On Intel 7, that would be twice the SPR chiplet size, since everything is doubled. SPR XCC chiplet is ~400 mm^2. Your EMR chiplet will be 800 mm^2!! I don’t think that will yield very well. It will also be bumping against the reticle limit. Not going to happen!

The simplest path to EMR is reusing the SPR rapids layout design.

 

[Exist50]

On Intel 7, that would be twice the SPR chiplet size, since everything is doubled. SPR XCC chiplet is ~400 mm^2. Your EMR chiplet will be 800 mm^2!! I don’t think that will yield very well. It will also be bumping against the reticle limit. Not going to happen!

The simplest path to EMR is reusing the SPR rapids layout design.

It would be pretty much in line with their past die sizes for top end Xeons. And this would be in '23. Intel 7 should be quite mature. It's not like every core needs to work either.

Idk, you have any better idea for something that would match the rumor?

 

[ashFTW]

Idk, you have any better idea for something that would match the rumor?

I already explained the rumor. Intel being defensive wrt to yields, and/or holding cards close to their chest. I bet, they will announce 68 or 72 cores when the time comes. The design will use 4 chiplets just like SPR, with each chiplet being around 460 mm^2.

Diamond Granite Rapids and Sierra Forest will both be on Intel 3 and will benefit from two node shrinks. They seem to also be planning to disaggregate cores from uncore. There two cores only chiplets will make much more sense. In fact, the old design preview that Intel showed for diamond rapids indeed showed two core only chiplets. These chiplets will be much more reasonable size, probably around 500 mm2.

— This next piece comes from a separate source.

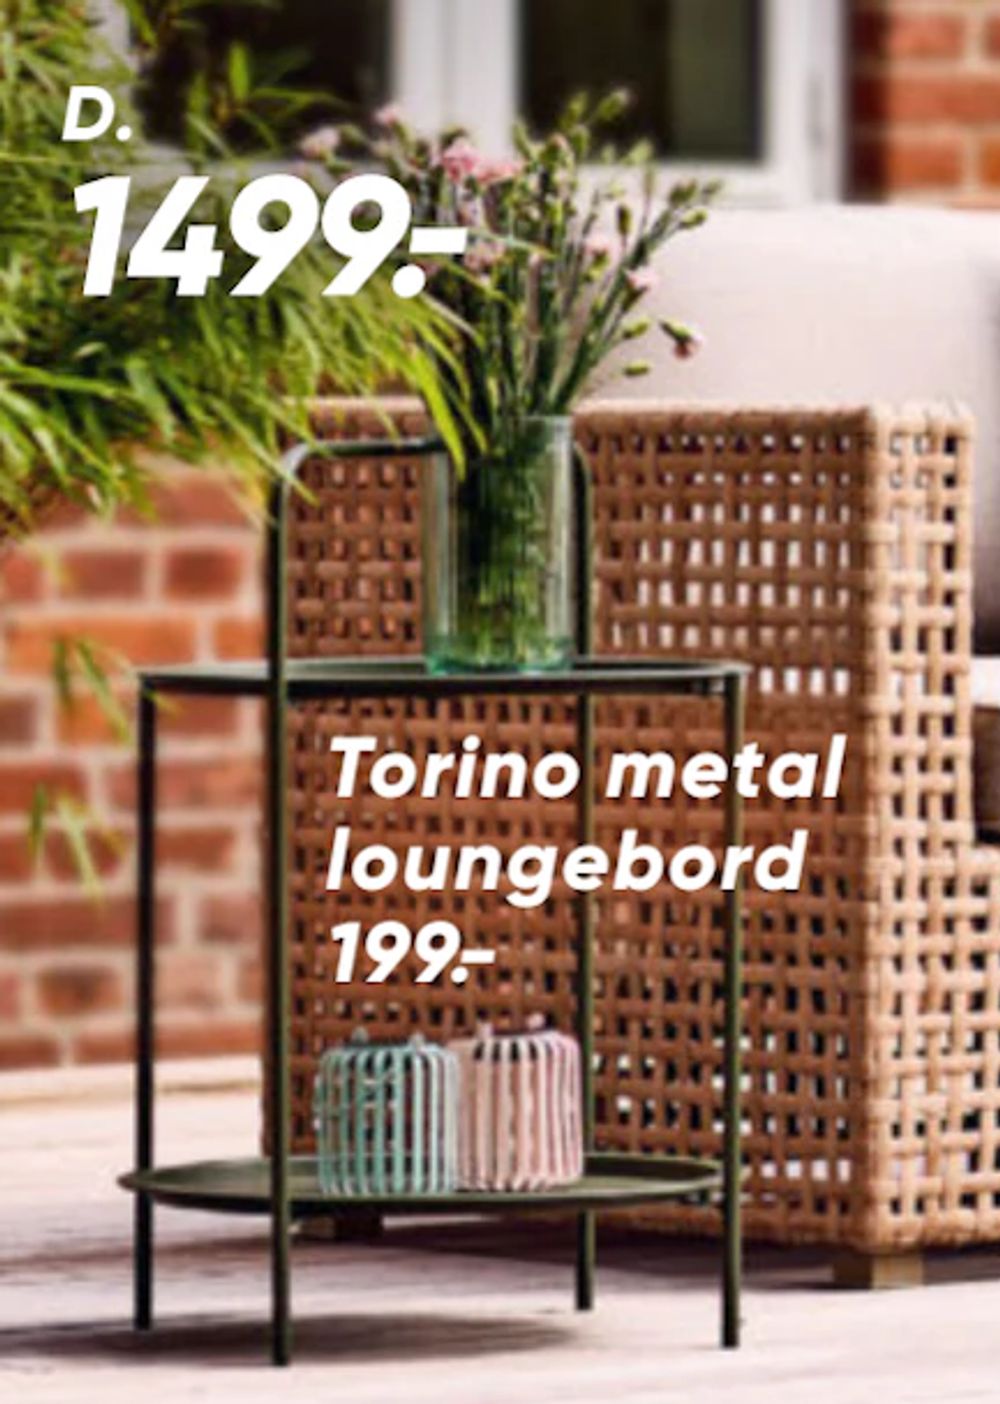 Tilbud på Torino metal loungebord fra Bilka til 199 kr.

Falcon shores will have Xeon and Xe cores in custom ratios. Smaller and multiple chiplets of each kind on the package will again make more sense there, so that custom ratios can be created.

 

[Exist50]

I already explained the rumor. Intel being defensive wrt to yields, and/or holding cards close to their chest

Alright. We'll see how that all pans out soon enough.

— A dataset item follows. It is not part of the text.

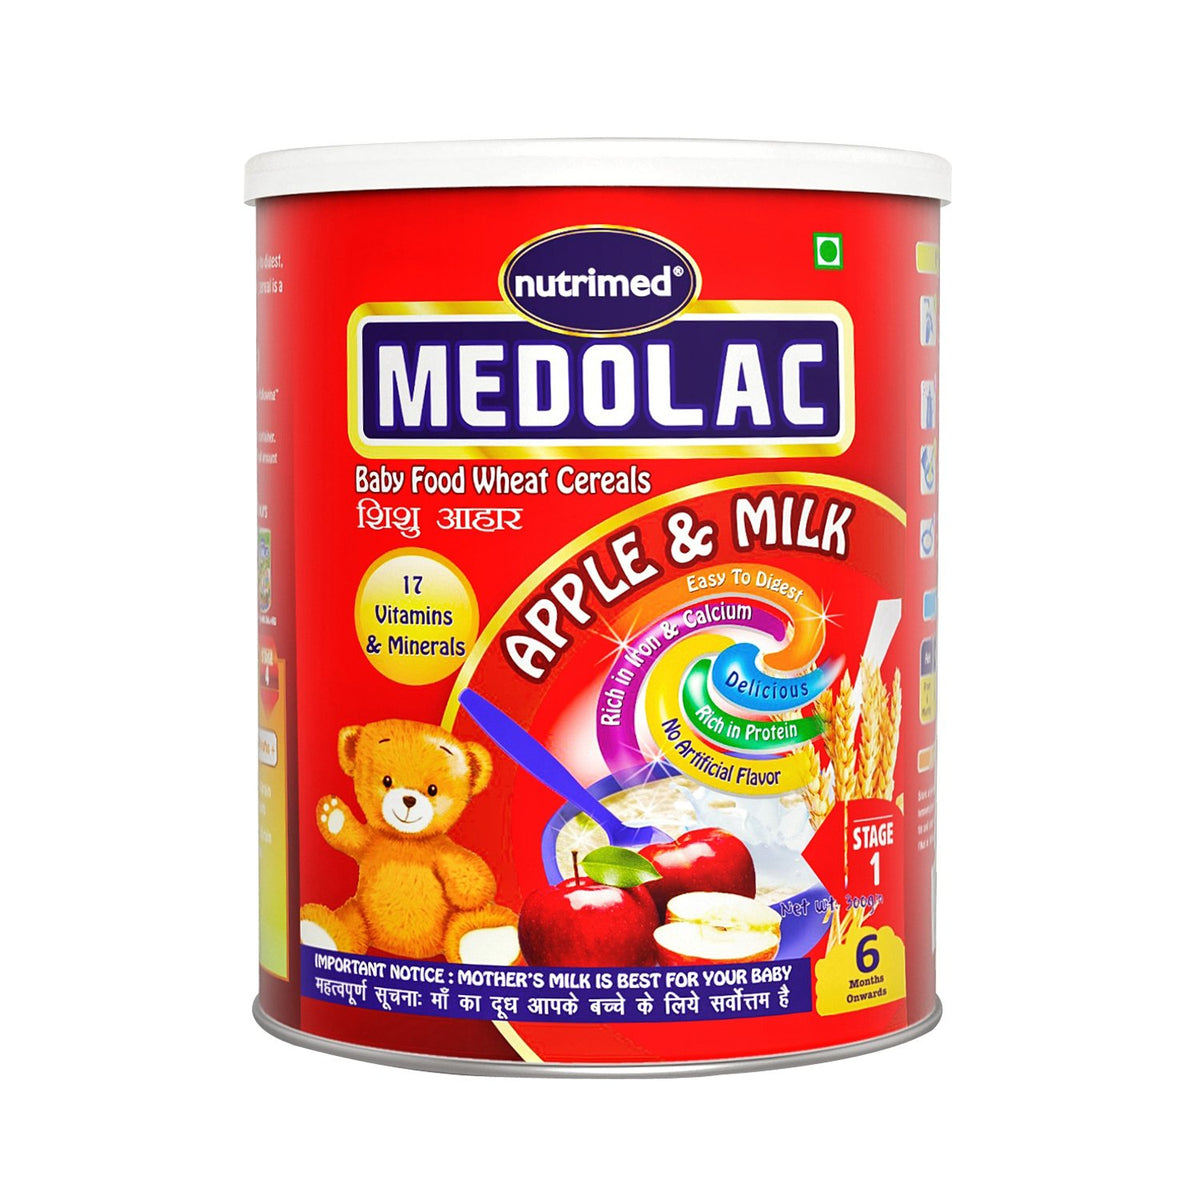 Medolac Apple & Milk

Diamond Rapids and Sierra Forest will both be on Intel 3 and will benefit from two node shrinks.

That's only one actual shrink.

 

[ashFTW]

That's only one actual shrink.

Intel 3 is using denser libraries compared to Intel 4.

 

[Exist50]

Intel 3 is using denser libraries compared to Intel 4.

I.e. it actually includes a dense library, while Intel 4 lacks one entirely. Only Intel could afford not having a dense library in the first place.

If you're actually expecting Intel 3 to compete with N3 in density, you're in for a rough time.

 

[ashFTW]

I.e. it actually includes a dense library, while Intel 4 lacks one entirely. Only Intel could afford not having a dense library in the first place.

What?? Intel 4 is a node shrink compared to Intel 7. There is always a library, what do you mean it lacks one entirely??

If you're actually expecting Intel 3 to compete with N3 in density, you're in for a rough time.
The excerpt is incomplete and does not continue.